Monday, May 15, 2017

The Daily Grind

Houghton Mill is an 18th-century water mill, full of impressive machinery and, last weekend, actually grinding flour by the power of the river Great Ouse. Although I am not knowledgeable about these kinds of buildings or this technology I found myself spellbound by a small, but crucial, component in the milling process, the slipper.

The slipper is a kind of hopper that feeds grain into the millstones for grinding, Here's a short film I took of it in operation when I was there with some friends and our kids:

It has a system of its own, and also it is intimately connected to other systems.

It has inputs: a gravity feed brings grain into the top of the slipper; energy is supplied by the vertical axle which is in turn driven indirectly from the water wheel.

It has outputs: grain is dropped into the centre of the millstones immediately below it.

It is self-regulating: as the flow of the river varies, the speed of the wheel varies, the rotation of the axle varies, and the extent to which the slipper is agitated varies. Slower water means less grain supplied to the millstones, which is what is required, as they are also grinding more slowly. A second form of self-regulation occurs with the flow of grain into the slipper.

It has balance: there is a cam mechanism on the axle which pushes the slipper to the left, and a taut string which pulls it back to the right, providing the motion that encourages grain to move.

It can be tuned: the strings that you can see at the front provide ways to alter the angle of the slipper, and the tension of the string to the right can be adjusted to change the balance.

Tuning is important. If properties of the grain change (such as size, or stickiness, or texture, ...) then the action of the slipper may need to change in step. If the properties of the millstones change (e.g. they are adjusted to grind more coarsely or finely, or they are replaced for cleaning, or the surface roughness alters as they age, ...) then the rate of delivery of grain will need to adjust too.

Although the system is self-regulating, these are examples of variables that it does not self-control for. It has no inherent feedback mechanism for them, and so requires external action to change its behaviour.

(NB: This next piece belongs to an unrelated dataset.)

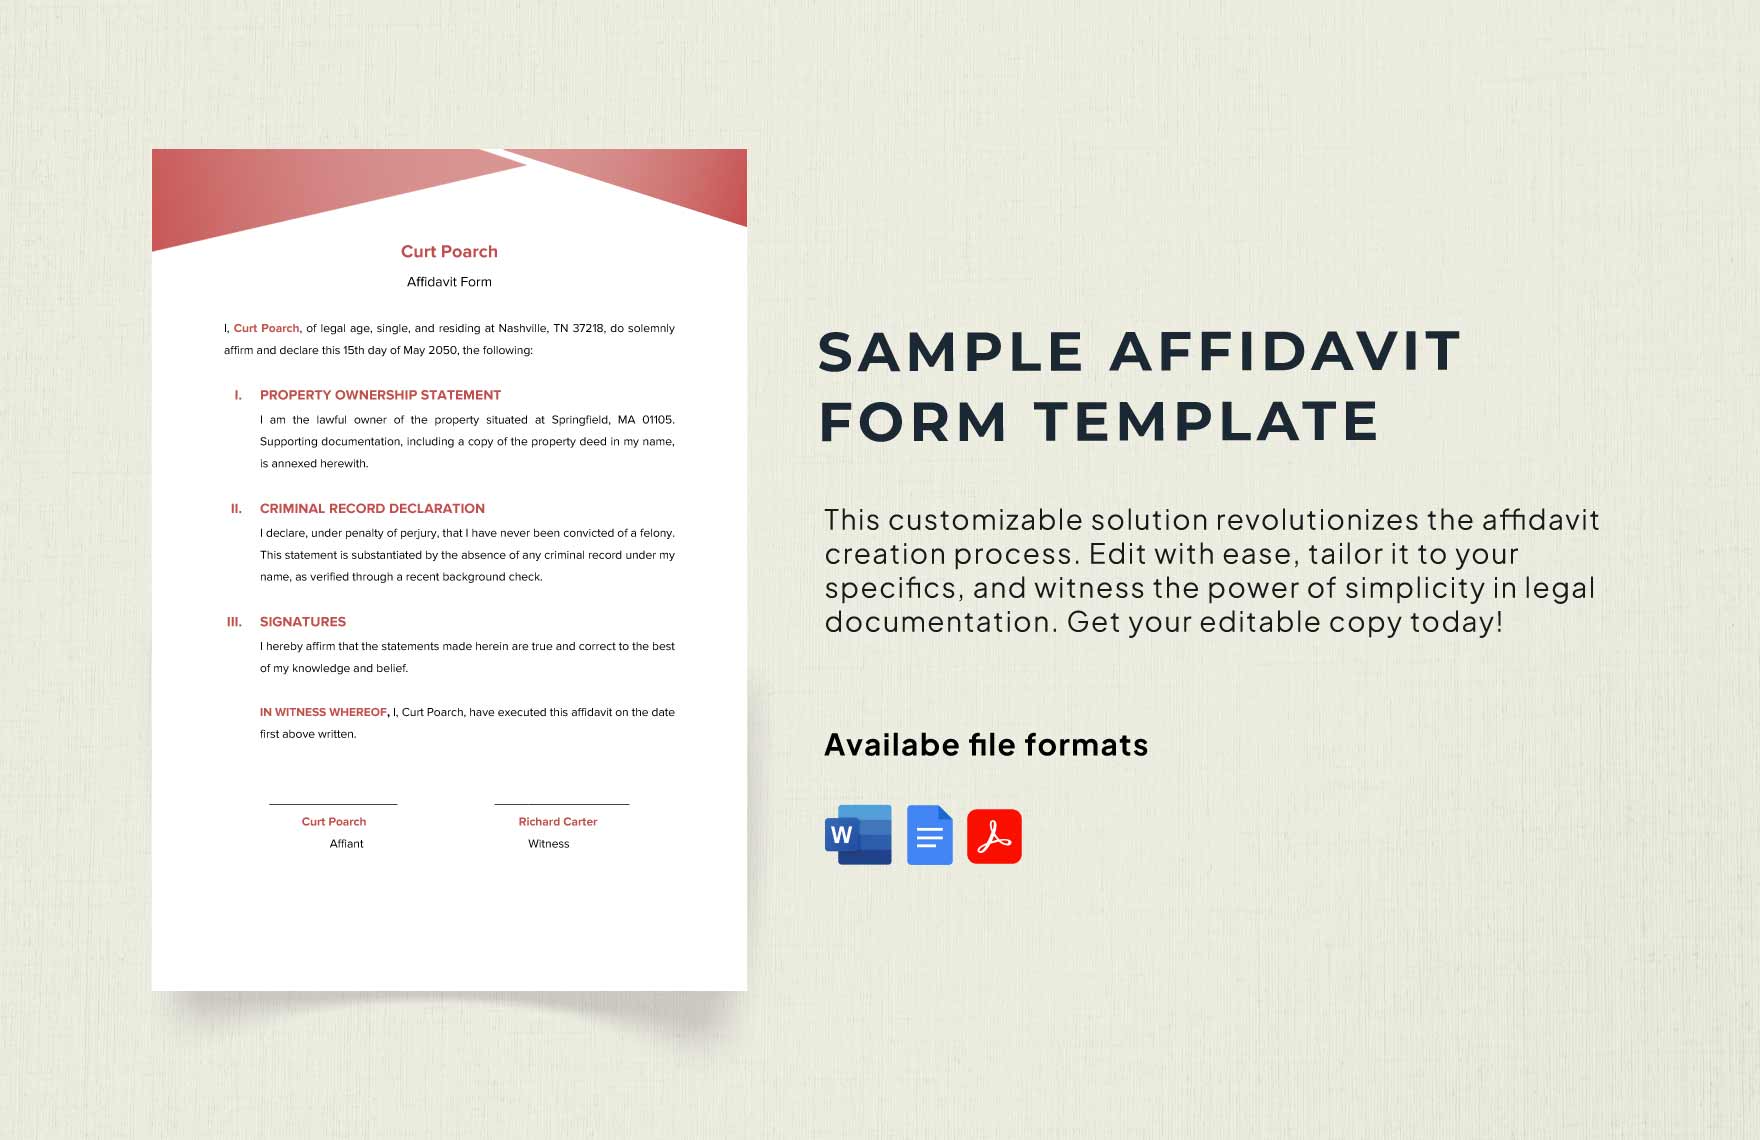 Free Sample Affidavit Form Template in Word, Google Docs, PDF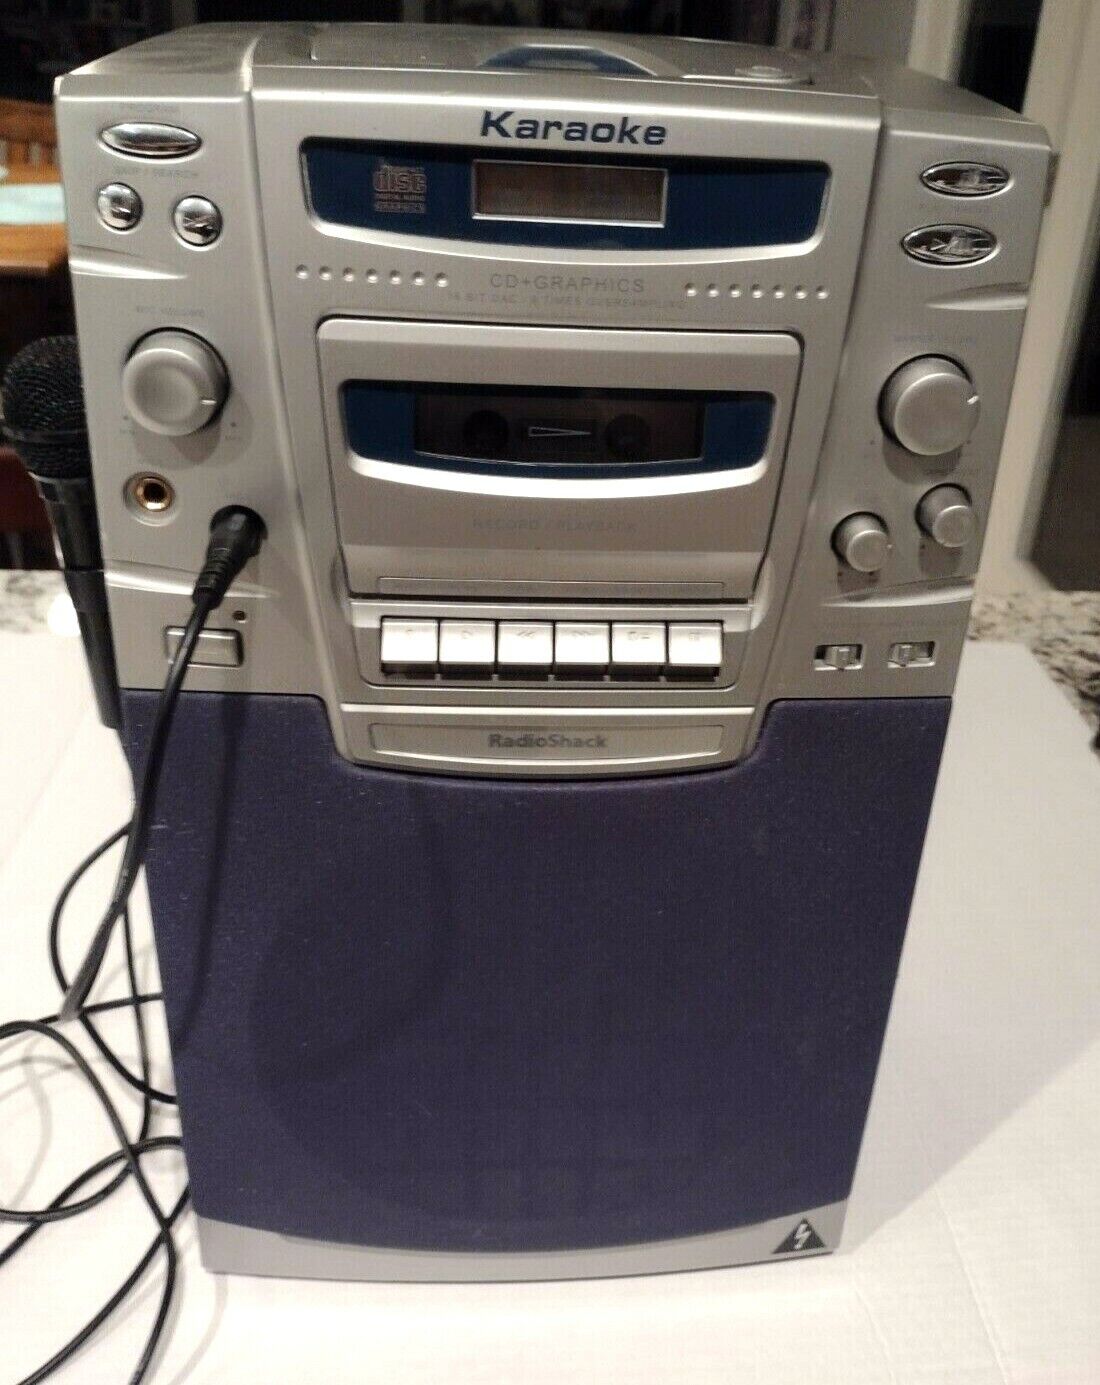 Radioshack Karaoke Cd Plus Graphics Cd + G Sing Along Microphone Model 32-1171

Further, beyond the skilled eye and ear (and fingers, which are used to judge the quality of the flour) of the miller, I could see no means of alerting that a change might even be required. In a mill running at full tilt, with multiple sets of stones grinding in parallel, with the noise, and dust, and cramped conditions, this must have been a challenge.

Another challenge would be in setting the system up at optimum balance for the conditions that existed at that point. I found no evidence of gauges, or markers, or scales that might indicate standard settings. I noted that the tuning is analogue, there are infinite fine variations that can be made, and the ways in which the system can be tuned no doubt interact.

The simplicity of the self-regulation is beautiful to me. But I wondered why not regulate the power coming from the water wheel instead and so potentially simplify all other systems that rely on it. There are technologies designed to implement this kind of behaviour, such as governors and flywheels.

I wondered also about the operational range of the self-regulation. At what speeds would it become untenable: too slow to shake any grain, or too fast to be stable? There didn't seem to be scope for an automatic cut-out.

So that was an enjoyable ten minutes - while the kids were playing with a model mill - to practice observation, and thought experiments, and reasoning in a world unfamiliar to me.

I doubt you'll find it difficult to make an analogy to systems that you operate within and with, so I won't labour any points here. But I will mention the continual delight I find in those trains of thought in one domain that provoke trains of thought in another.